Da viele Leute auch nicht unbedingt das dicke Portomaneie haben und es sich nicht leisten können den Garten auch nur etwas mit diesen Kosten zu bewässern, greifen sie auch zurück auf Regenzisternen etc.
Umweltbewusstsein spielt hier da eher seltener eine rolle, obwohl auch gerade an die wasserwiederaufbereitung und deren Energiekosten gedacht werden sollte.
Traurig allerdings das die kleinen Haushalte für Wasseraufbereitung welche nicht stattfindet da das Wasser nicht in die kanalisation geleitet wird Geld aufbringen soll. 
Was auch ich ärgerlich finde ist, das bei diesen hohen Wasserpreisen hier der Rasen auf dem Sportplatz seit Tagen gesprengt wird, und das auch noch bei strömenden Regen. (Vermutlich wollen die das Fußballfeld in eine Sumpflandschaft verwandeln).
Morgen gehe ich hin und pflanze ein paar __ Rohrkolben und __ Iris in den Strafraum .


----------



## glasklar (24. Juni 2008)

*AW: « Wasser, knappe Ressource und kostbares Lebensmittel »*

hallo stefAn

für 126 m3 muss ich 331,79 euro zahlen  

für 126 m 3 abwasser369,15 euro zahlen nochmal 

ergibt 700,94 bei einen 4 personen haushalt wolltest du die anderen preise für gass und electric auch noch erfahren gesamt gahres gebüren (rechnungsbetrag vom 18,06,08 4424,12 euro)nach oben gibt es keine grenze mehr


----------



## StefanS (24. Juni 2008)

*AW: « Wasser, knappe Ressource und kostbares Lebensmittel »*

Hallo Annett,
hallo Marco,

richtig, das war einer der Threads: Leute, die Trinkwasser im Teich "vergeuden", begehen Frevel an dem kostbaren Nass. Ebenso wie solche, die Trinkwasser für die WC Spülung verwenden, Lebensmittel wegwerfen, Kunstdünger verwenden, Auto fahren oder Eier aus Legebatterien essen. Der mahnend, belehrend erhobene Zeigefinger macht einigen Zeitgenossen einfach zu viel Spass. Nur, dass das zumindest für das Wasser nicht stimmt. Man spart nichts. Wir reden über Kosten. Kosten der Aufbereitung, weiter nichts. Und deshalb ist das Wasser auch an verschiedenen Orten unterschiedlich teuer. Ich habe nichts gegen die Verwendung von Zisternen- oder Brunnenwasser. Sondern gegen die selbst ernannten Propheten und Allwissenden, vor allem, wenn sie wie hier so leicht zu widerlegen sind.

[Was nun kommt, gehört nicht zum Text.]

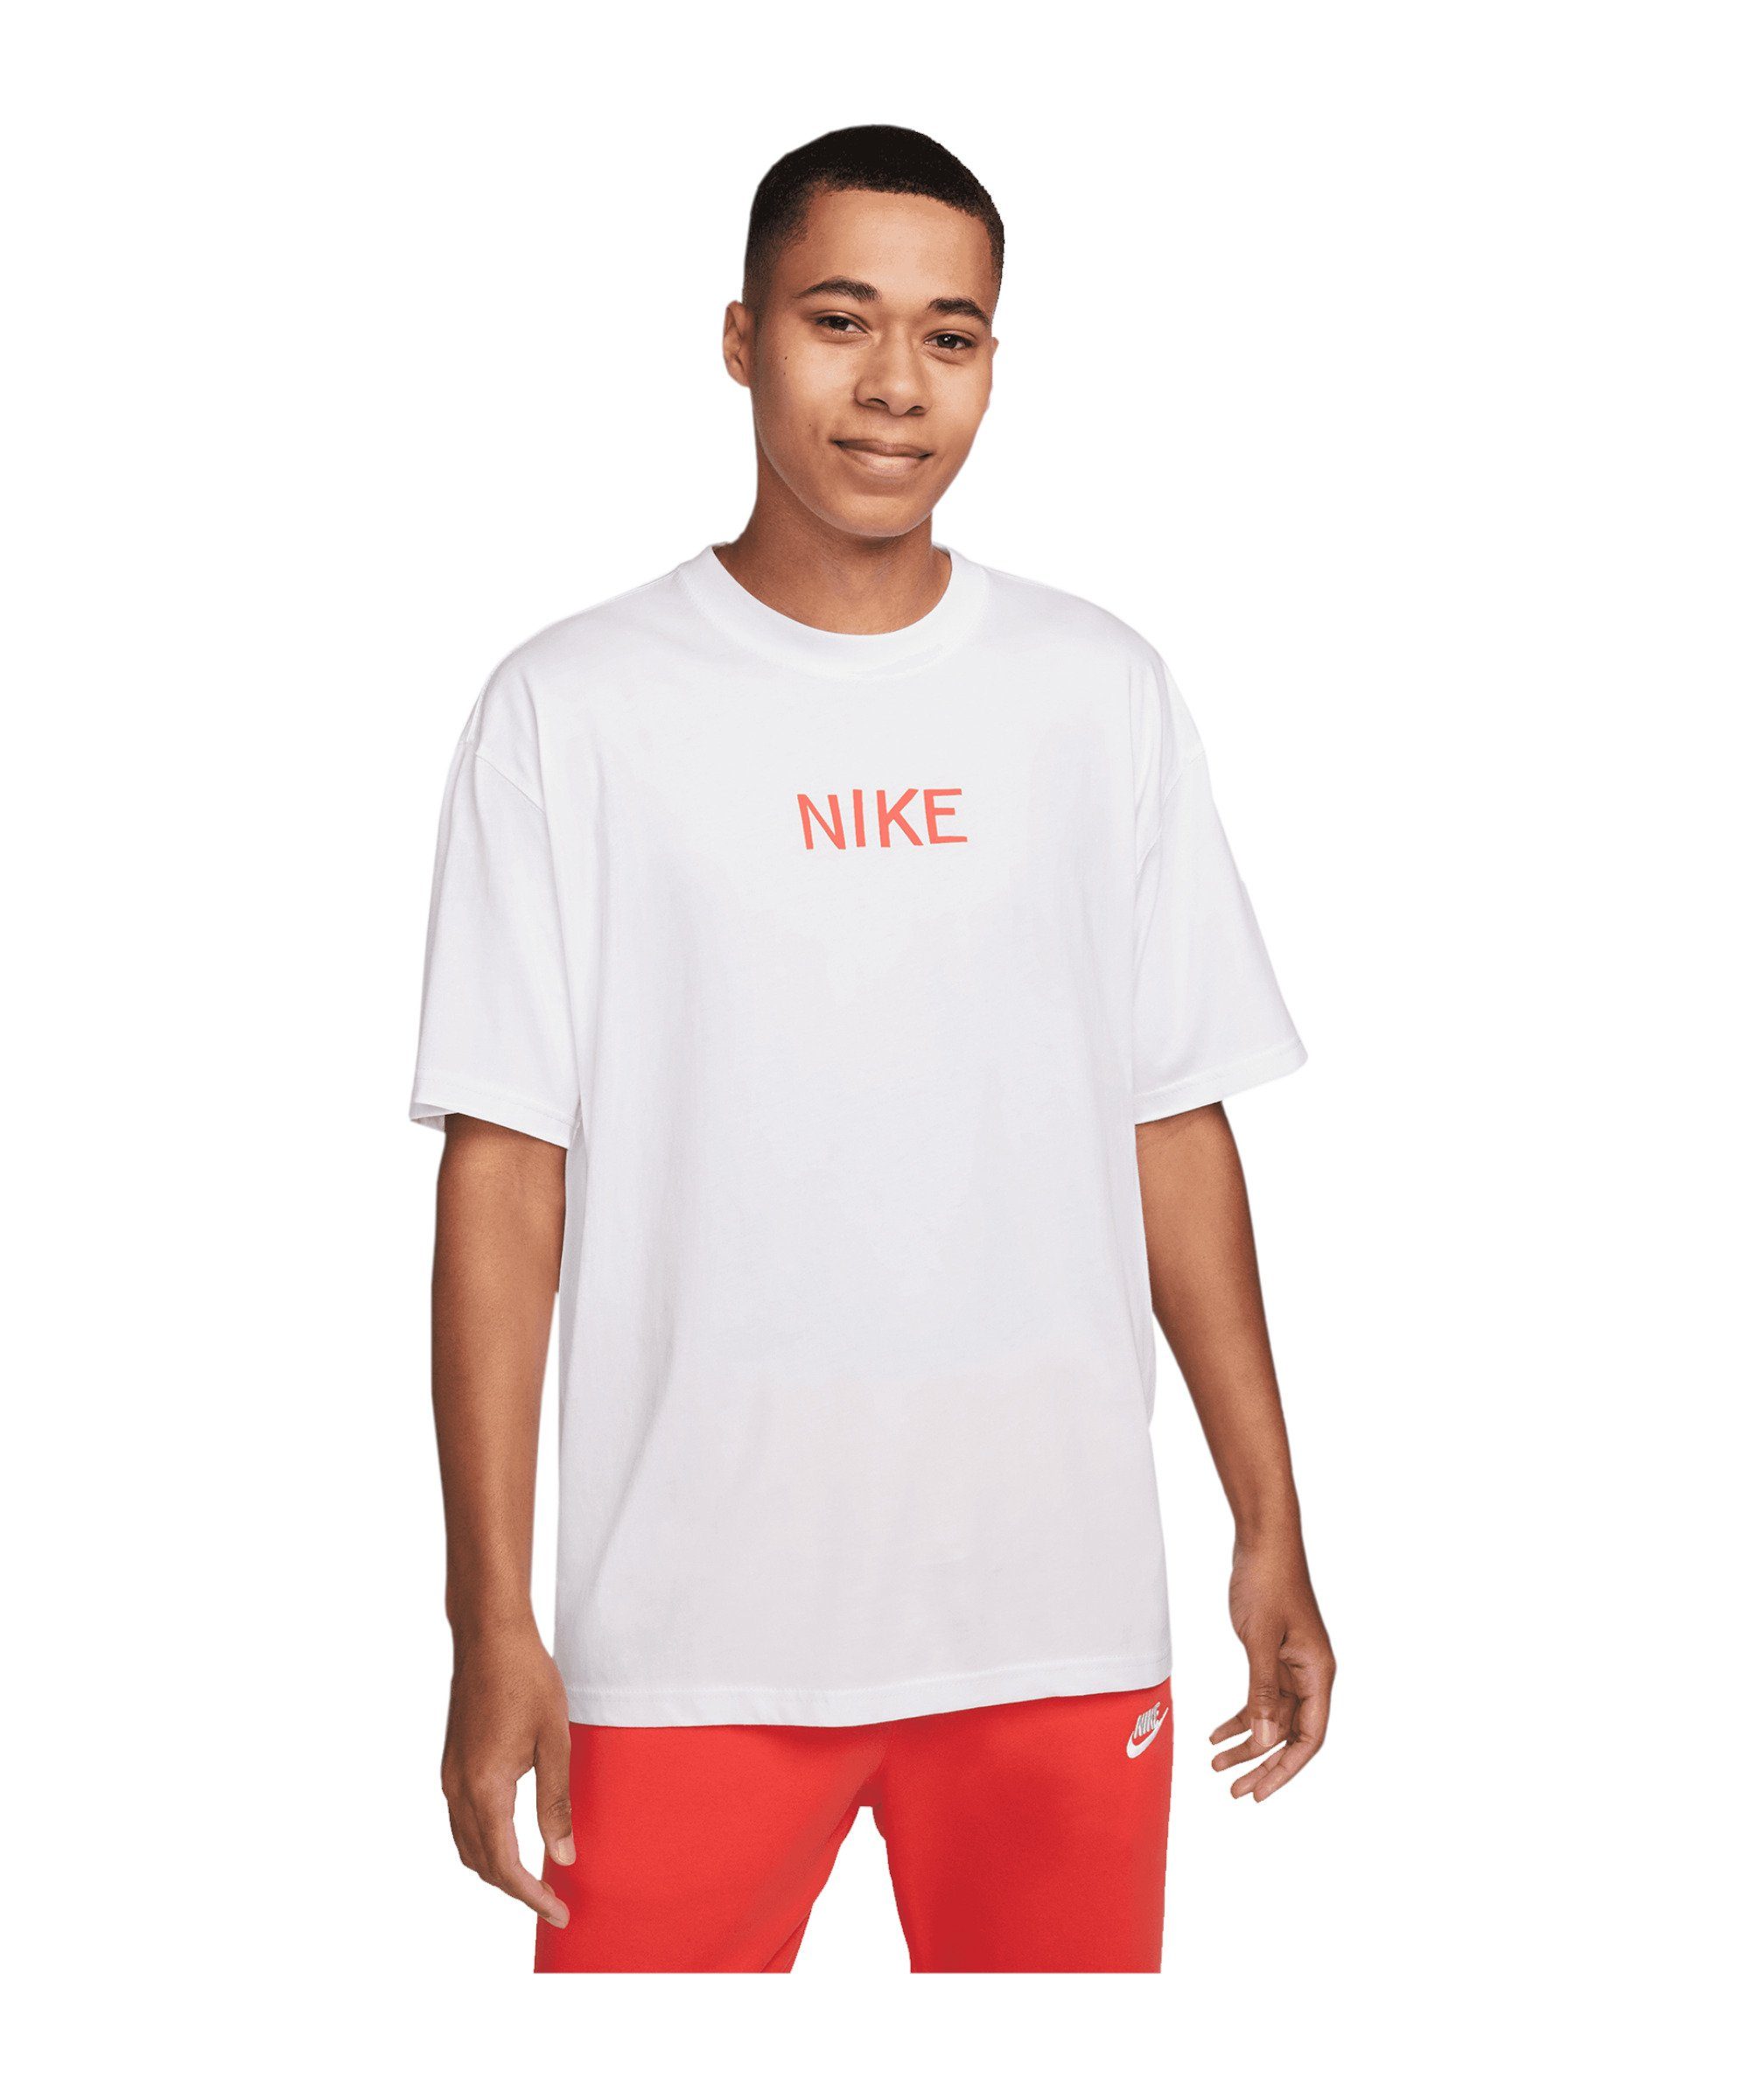 [Zum niedrigsten Preis verkaufen!] Nike Sportswear T-Shirt default Max90 T-Shirt weiss

Um das eindeutig klarzustellen: Ich habe nichts gegen die Verwendung von Zisternen- oder Brunnenwasser, tue letzteres ja auch. Dabei versteht sich von selbst, dass die Qualität zu dem Zweck passen muss. Ich unterstelle einfach einmal, dass sie das tut, um die Sache nicht weiter zu komplizieren.

Die Sache mit dem Einsparen von Kosten ist da schon etwas anders. OK, unterstellen wir einmal, die Zisterne oder der Brunnen waren ausreichend preiswert, dass man auch nach relativ kurzer Zeit "spart". Wenn man damit nicht ganz erheblich billiger käme, als wenn man das Wasser aus der Leitung zapfte, würde das kein Mensch tun - vor allem dann nicht, wenn man sich einmal überlegt hat, dass der Nutzen für die Umwelt "null" ist. Was sollte die Motivation sein, wenn nicht Geld ? Was ich aber billiger (nicht zwingend: besser) mache, muss ich auf irgend jemandes Rücken austragen. In diesem Falle auf dem Rücken der öffentlichen Versorger. Und das sind nun einmal wir alle.

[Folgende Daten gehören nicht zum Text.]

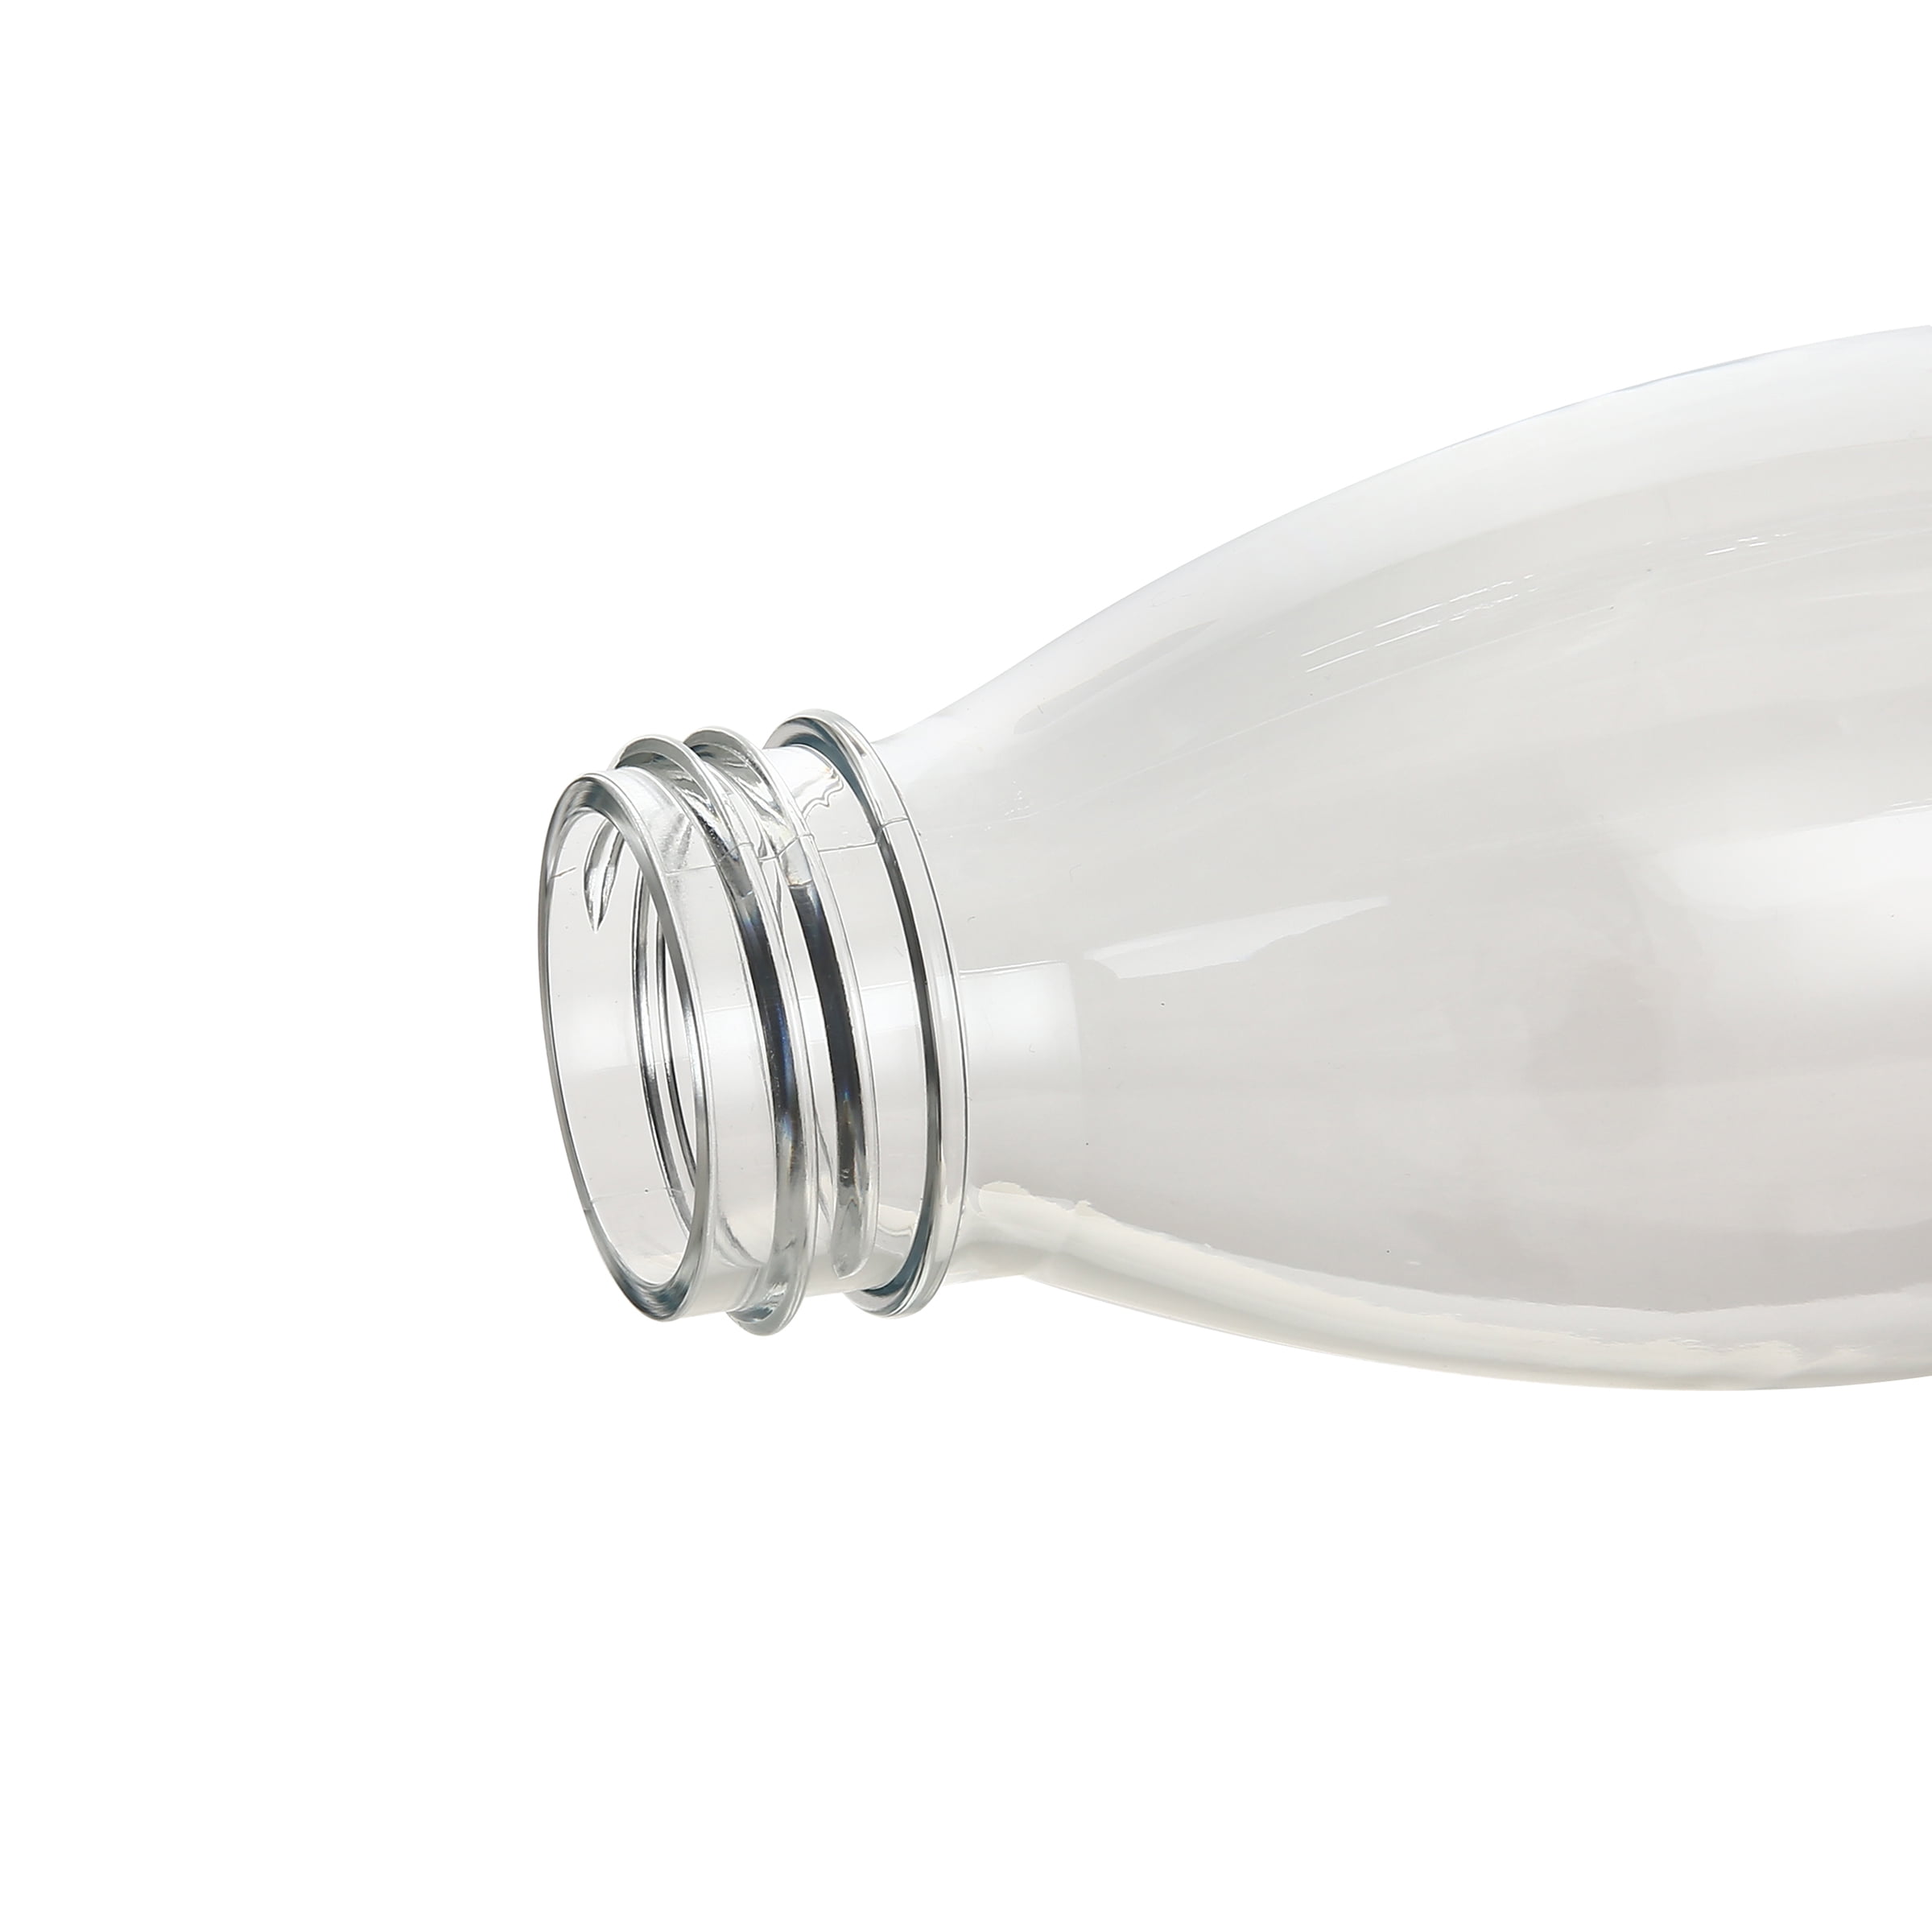 Sweda Clear Plastic Water Bottles Bulk - Sports Water Bottles - 22

Das heisst nicht, dass man , wie von Marco befürchtet, den sozial Benachteiligten Erleichterungen verweigern sollte. Nur: Wer ist benachteiligt ? Jemand, der sich ein Luxusgut wie einen Teich leistet schonmal gar nicht. Jemand, der seine Geldbörse einfach nur als zu schmal empfindet (also praktisch jeder), auch nicht. Bedürftigkeit und süsses Leben schliessen sich nunmal aus (aber lassen wir das, ich will nicht allgemein politisieren).

Bleibt der Gedanke, dass der Preis für Trinkwasser künstlich in die Höhe getrieben werden könnte. Bei rein öffentlichen Versorgern wäre das illegal (keine Gewinnerzielung), bei privaten Versorgern unvernünftig: Die wollen den Profit erhöhen, was nur über eine Optimierung von Menge und Preis geht. Also nicht durch masslos überhöhte Preise.

Beste Grüsse
Stefan


----------



## StefanS (24. Juni 2008)

*AW: « Wasser, knappe Ressource und kostbares Lebensmittel »*

Hallo Willi,
wie gesagt, ich habe nichts gegen das Sparen, sondern dagegen, sich dafür noch als Ritter für die Umwelt feiern zu lassen.

Die von Dir genannten Kosten sind natürlich ein Argument. Aber was soll man tun ? Das System aushebeln ? Man senkt ja nicht die Kosten, die dann zwangsläufig auf alle (die Leitungswasser zapfen) umgelegt werden.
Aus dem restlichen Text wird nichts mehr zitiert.